• **EXERCISE OBJECTIVE**:
The lines from the one containing "PUMA AC Milan" through the last line below, both ends included, must be reproduced exactly, with no pictures.

• **RAW DATA**:
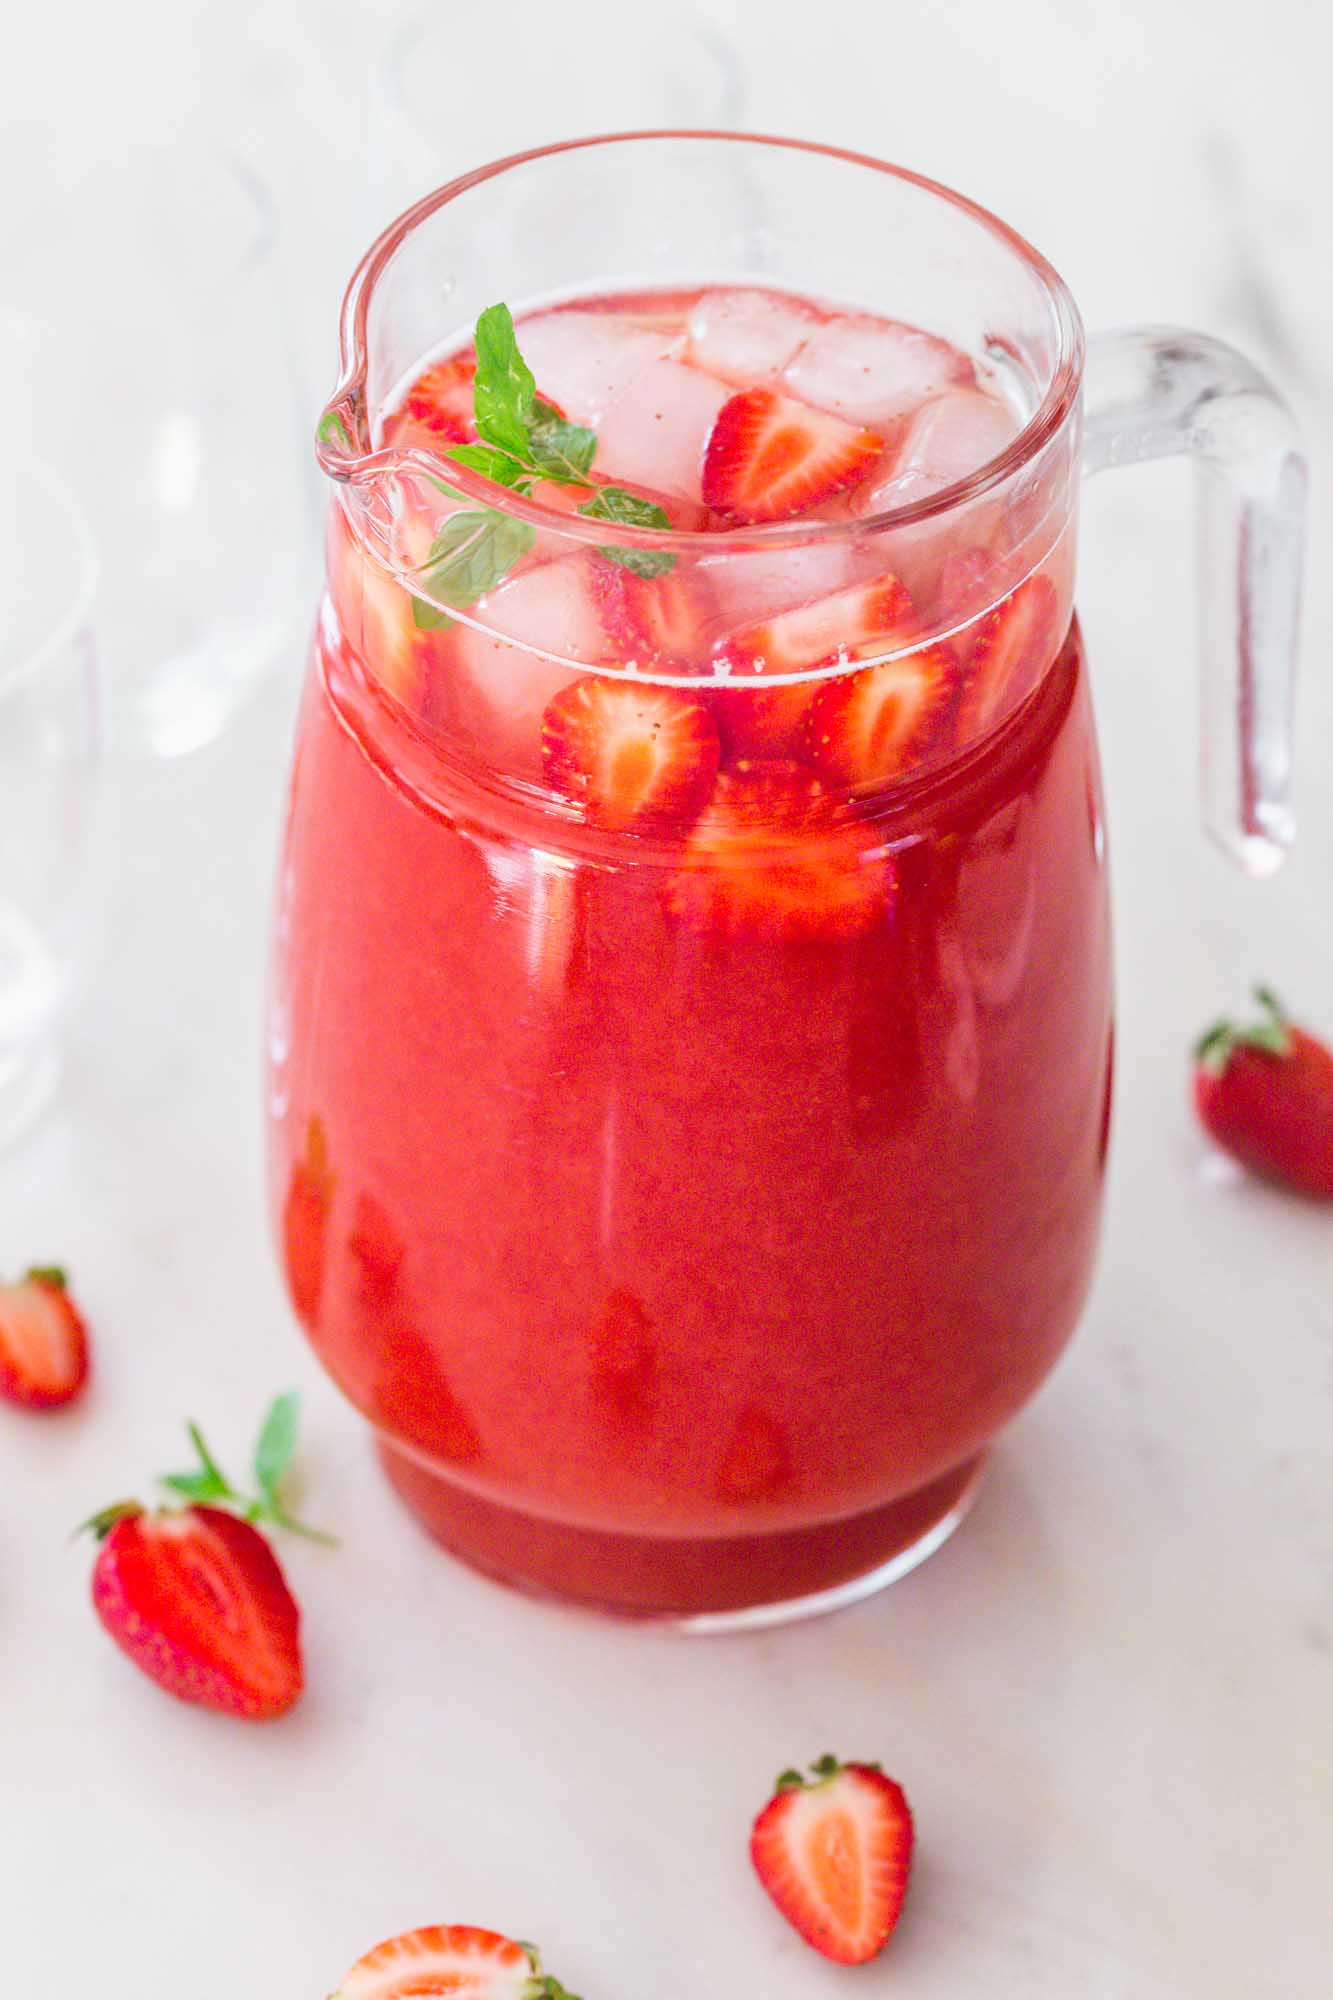 A glass pitcher with strawberry tea, ice cubes, fresh strawberries slices, and mint leaves garnish
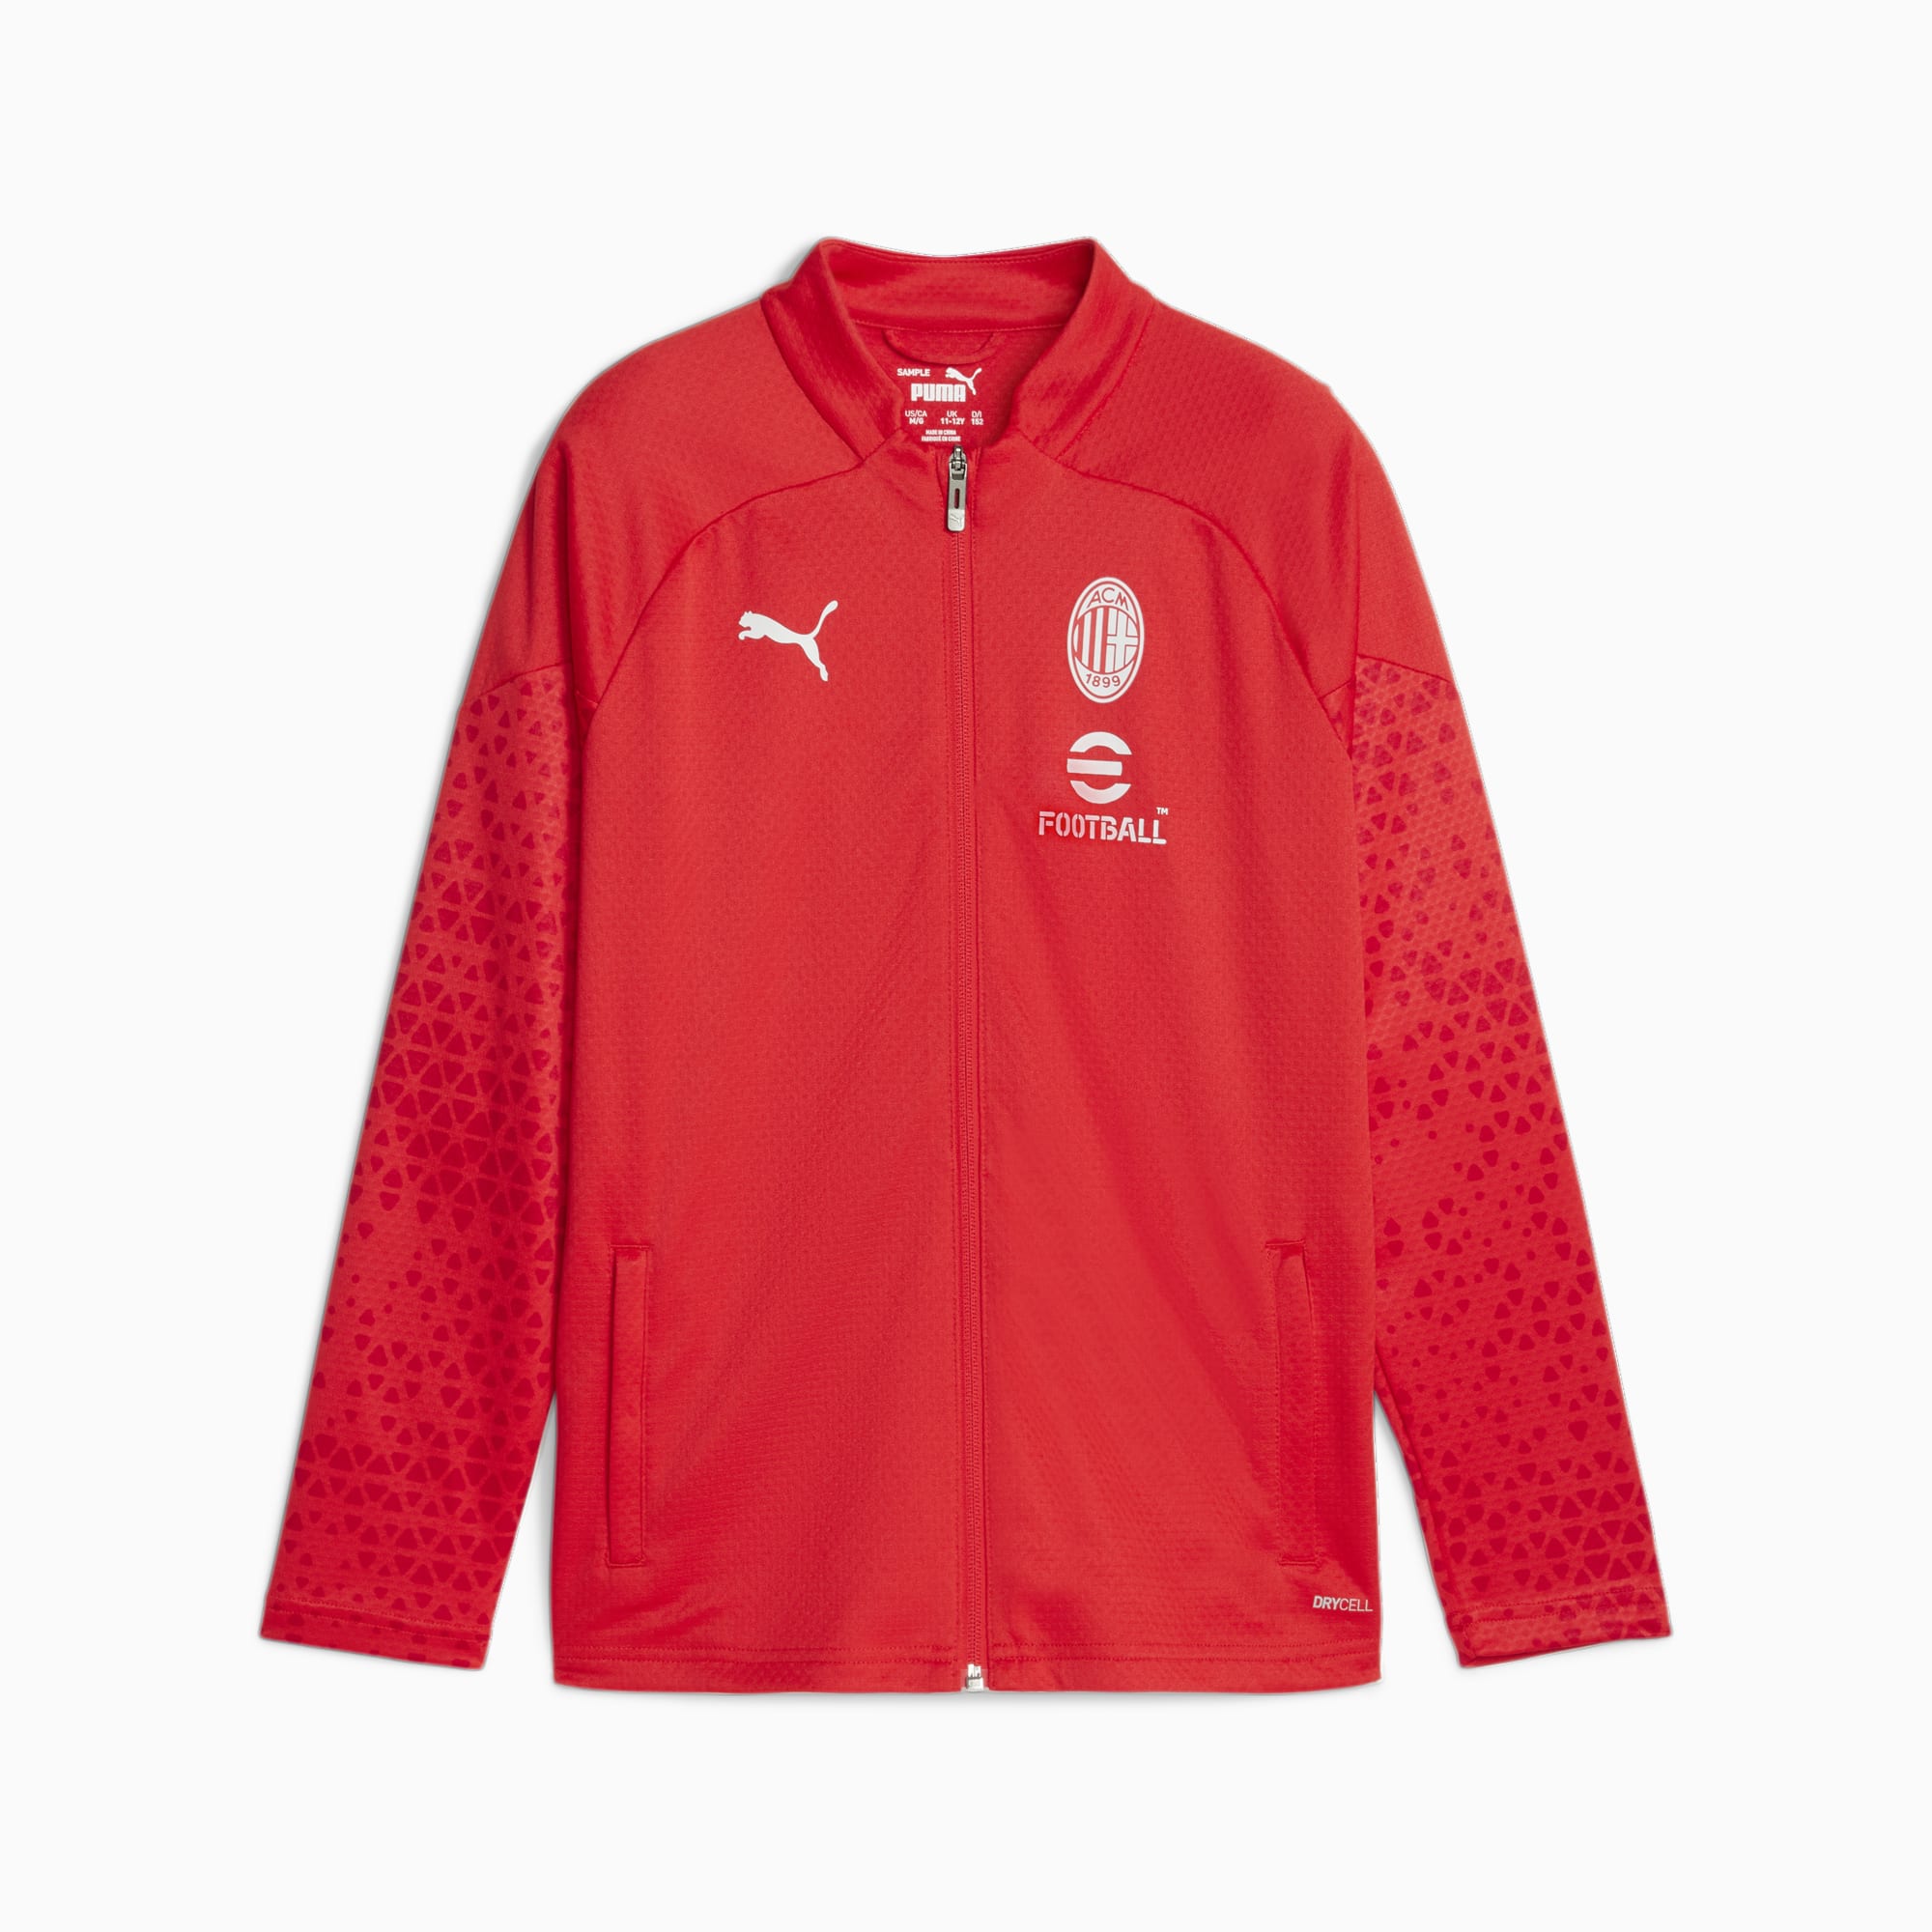 PUMA AC Milan Football Youth Training Jacket, For All Time Red/Feather Grey
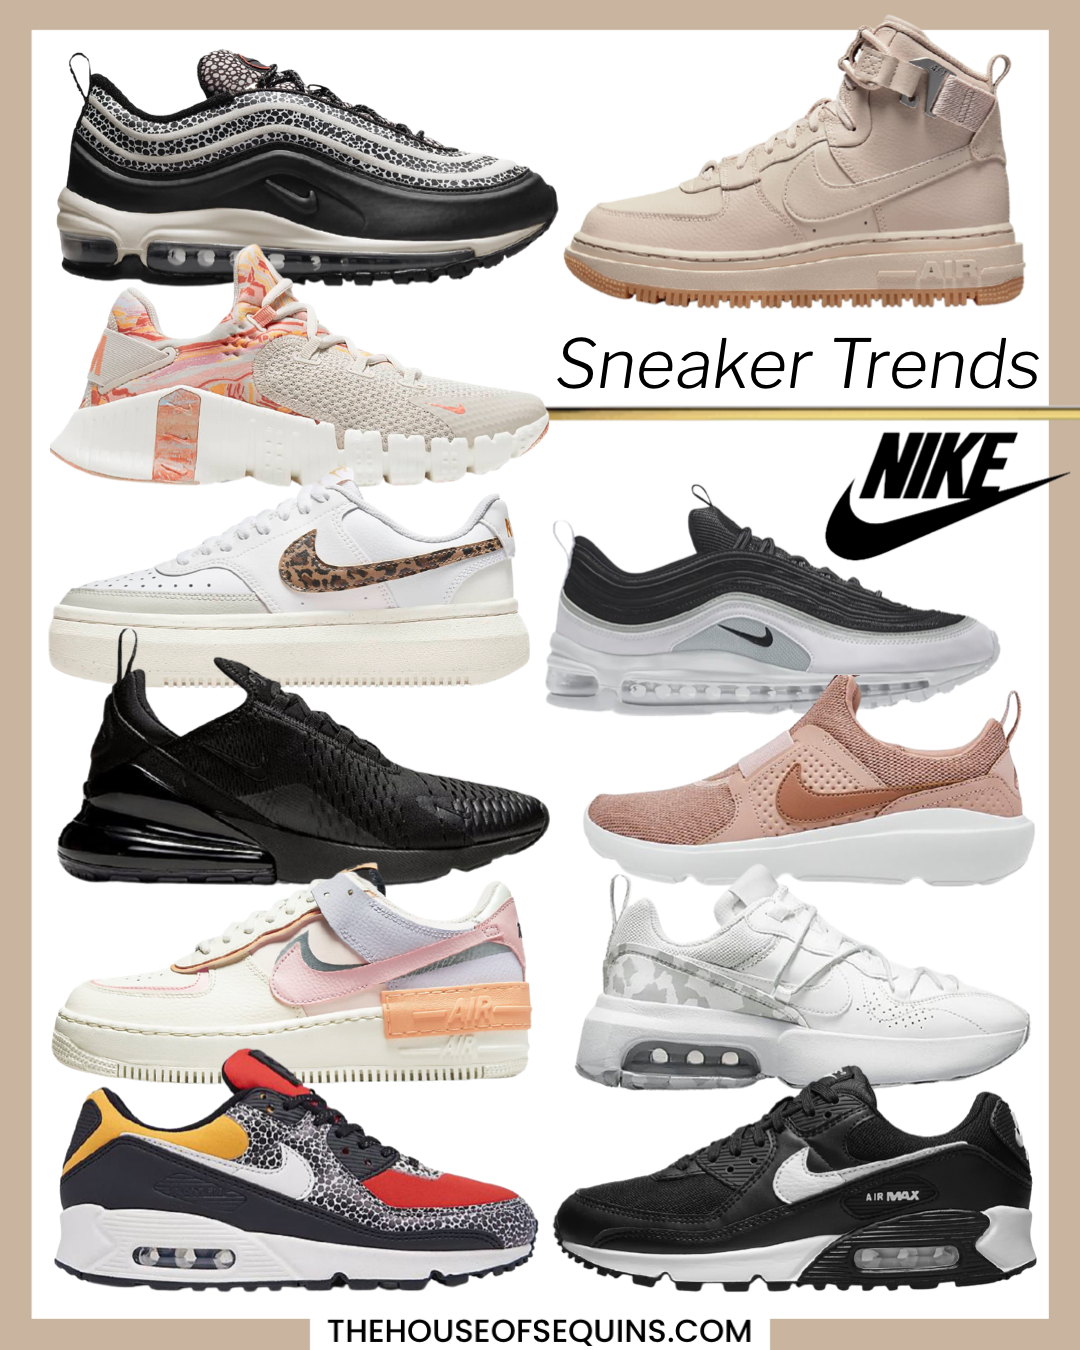 Blogger Sarah Lindner of The House of Sequins sharing the latest Nike sneaker and Adidas sneaker trends.

• **SOLUTION FOR THIS PROBLEM**:
 PUMA AC Milan Football Youth Training Jacket, For All Time Red/Feather Grey
 Blogger Sarah Lindner of The House of Sequins sharing the latest Nike sneaker and Adidas sneaker trends.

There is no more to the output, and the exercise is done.